Anna ajoute aussi : « Quand j'étais en secondaire 1-2, au Collège de Montréal, ma sœur et moi on était comme…on essayait d'être Québécoises » (P8, F, origine bulgare). Il est très

39

intéressant de voir ici que la composition de l’école joue sur l’identification de cette jeune issue de l’immigration. Cette identification en tant que Québécoise est donc davantage un type de revendication qu’un réel sentiment d’appartenir à ce groupe. Anna ne se sent pas réellement Québécoise, mais peut tout de même faire partie de la catégorie aux yeux du groupe majoritaire puisqu’elle n’est pas racisée. Le cas d’Anna est surtout intéressant lorsqu’on le compare à celui de notre prochain participant, Justin. Ce dernier s’identifie fortement comme Chinois, toutefois, il mentionne aussi qu’il se sent Québécois, mais qu’il n’est pas en mesure de partager cette identification, et ce, à cause de la catégorisation par les membres du groupe majoritaire :

« J’étais toujours Chinois, mais au fond je savais que j’étais un peu plus Québécois, mais je gardais ça pour moi » / « Parce que je peux dire que je suis Québécois, mais n’importe qui pourrait dire, pour vrai, tu es Chinois » (Justin, M, origine chinoise) Il est intéressant de constater que Justin ne sent pas qu’il a la légitimité nécessaire pour s’identifier comme Québécois, pour faire partie de ce groupe à cause des rapports de pouvoir inégaux entre le groupe majoritaire et les minorités racisées. Pour ce qui est d’Anna, même si l’investissement identitaire envers la catégorie Québécois n’est pas présent comme chez Justin, le fait qu’elle soit blanche lui permet de se faire passer pour une Québécoise, c’est-à- dire d’être perçue comme telle par les membres du groupe dominant. Cela signifie que, pour ces deux participants, la blanchité est un marqueur significatif des frontières symboliques de la québécité. Comme nous l’avions vu dans notre cadre théorique, l’identification ethnique peut être fluctuelle, mais les possibilités d’identifications sont limitées par la façon dont les majoritaires perçoivent les minoritaires (Jenkins, 2008; Waters, 1990). Par contre, même si elle a la possibilité de le faire, ce n’est pas ce qu’elle ressent, puisqu’elle se sent toujours immigrante. Donc, d’une part Anna était en mesure de revendiquer une identification à la catégorie « Québécois », Justin de son côté a intériorisé le regard de l’Autre comme étant supérieur.
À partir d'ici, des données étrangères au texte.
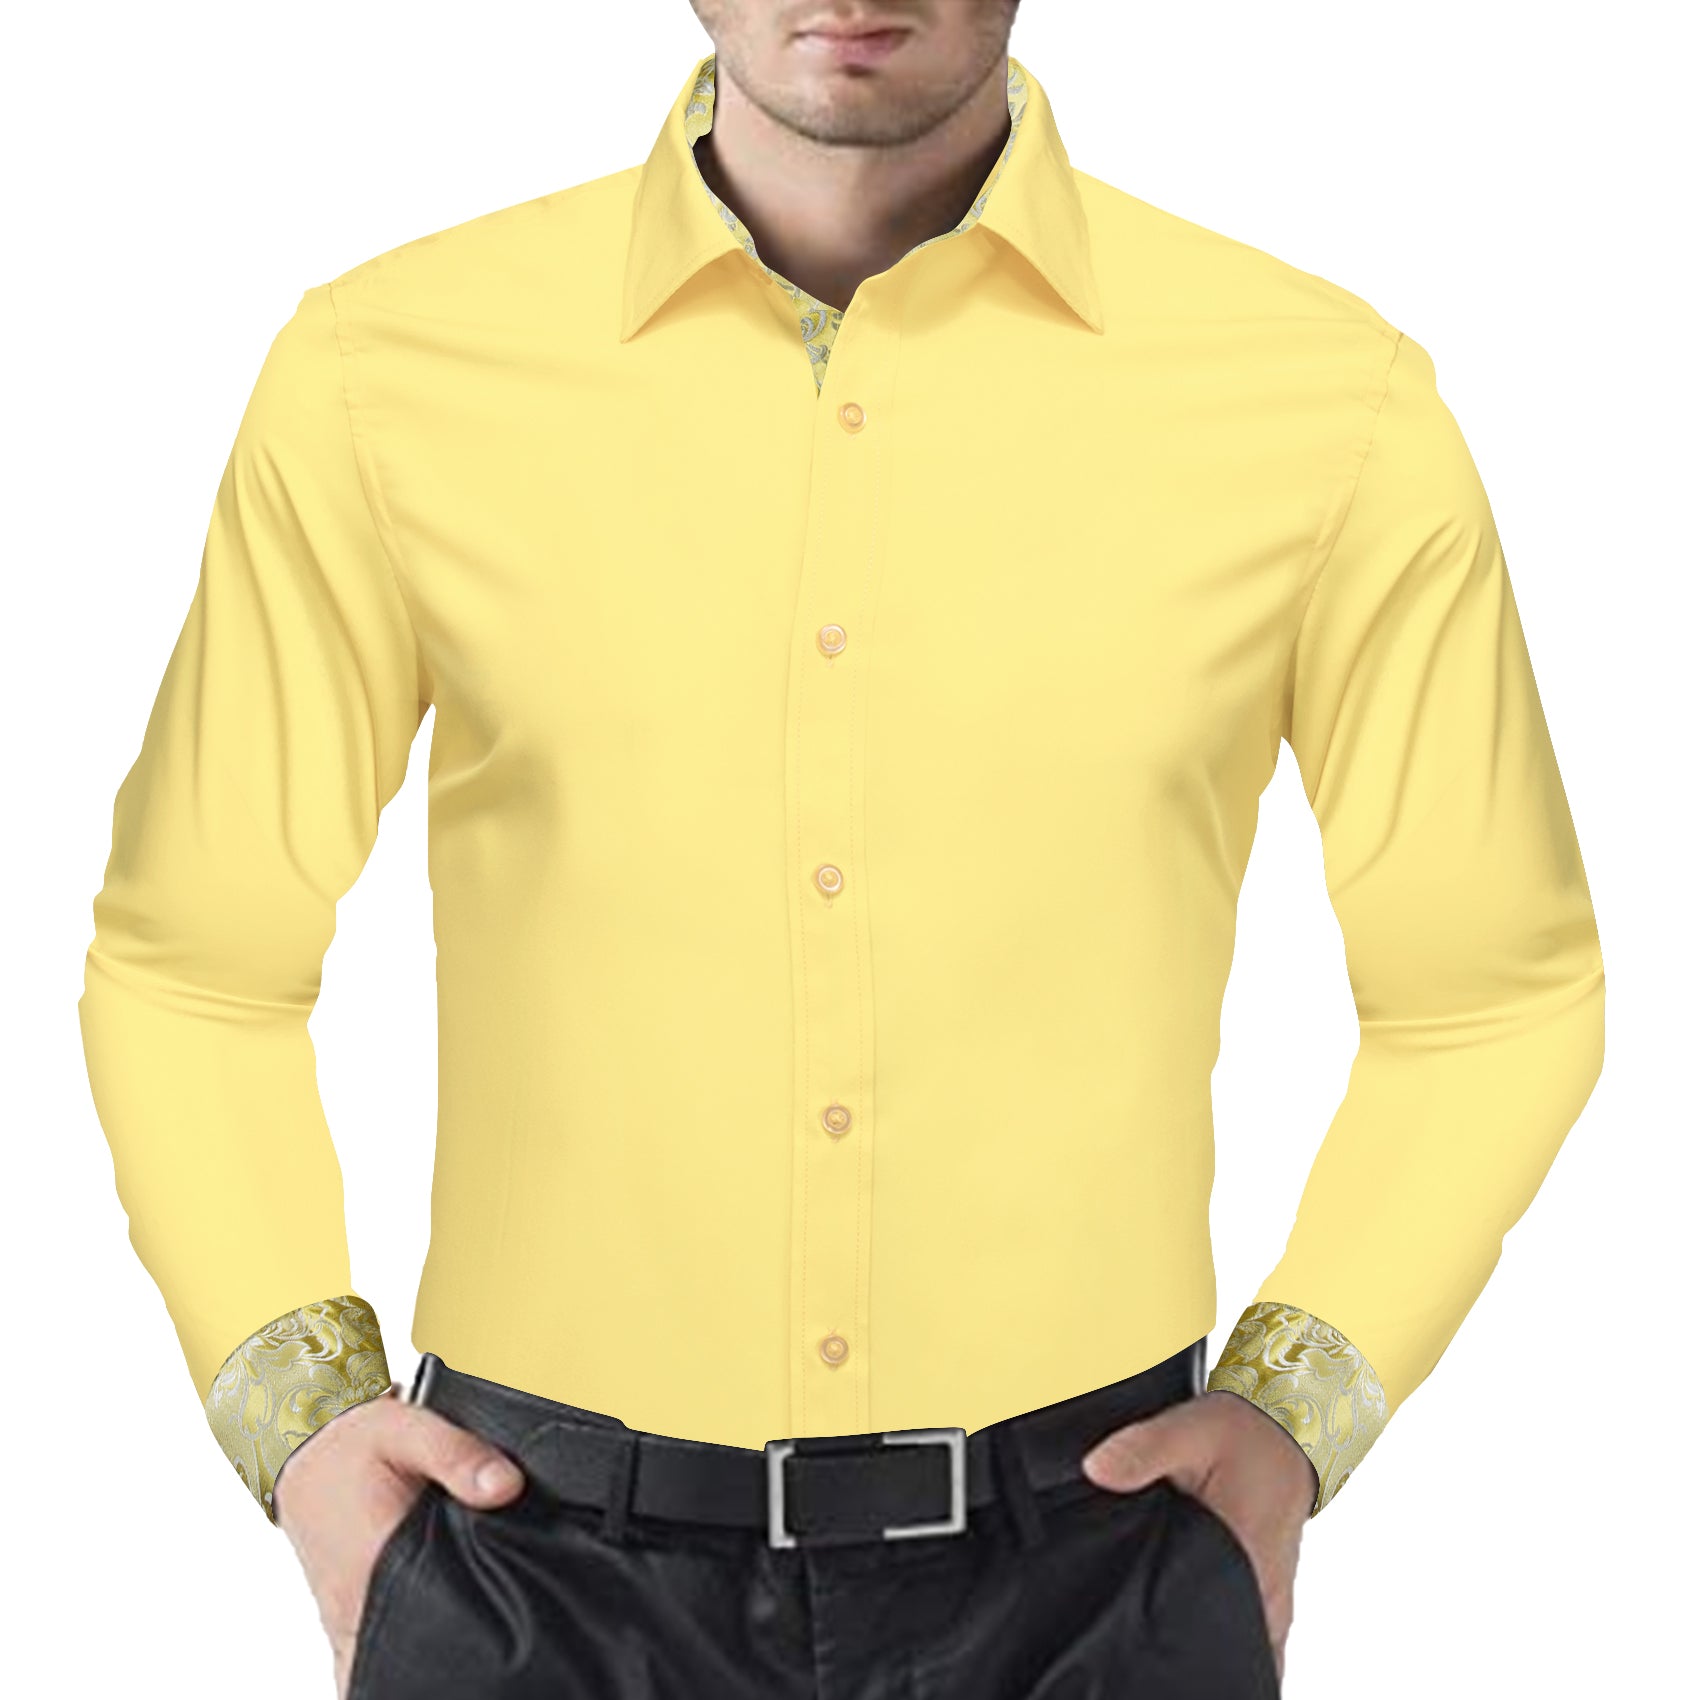 Barry.wang Formal Light Yellow Splicing Men's Business Shirt

De ce fait même, il est prisonnier de cette identification comme minoritaire et ne peut s’en départir. Les marques qui définissent les frontières, telles que théorisées par Juteau (1999), sont en effet choisies à partir de rapports sociaux inégaux. Les membres du groupe majoritaire utilisent des marqueurs – la langue, la couleur de la peau, le pays d’origine – qui excluent Justin de ce groupe et le renvoient au groupe minoritaire. En effet, comme le mentionne Juteau : « Nous sommes tous Québécois, mais certains Québécois le sont plus que

40

les autres » (1999, p.159). Ainsi, les propos de Justin nous font comprendre que cette catégorie « Québécois » est réservée à l’ethnicité dominante.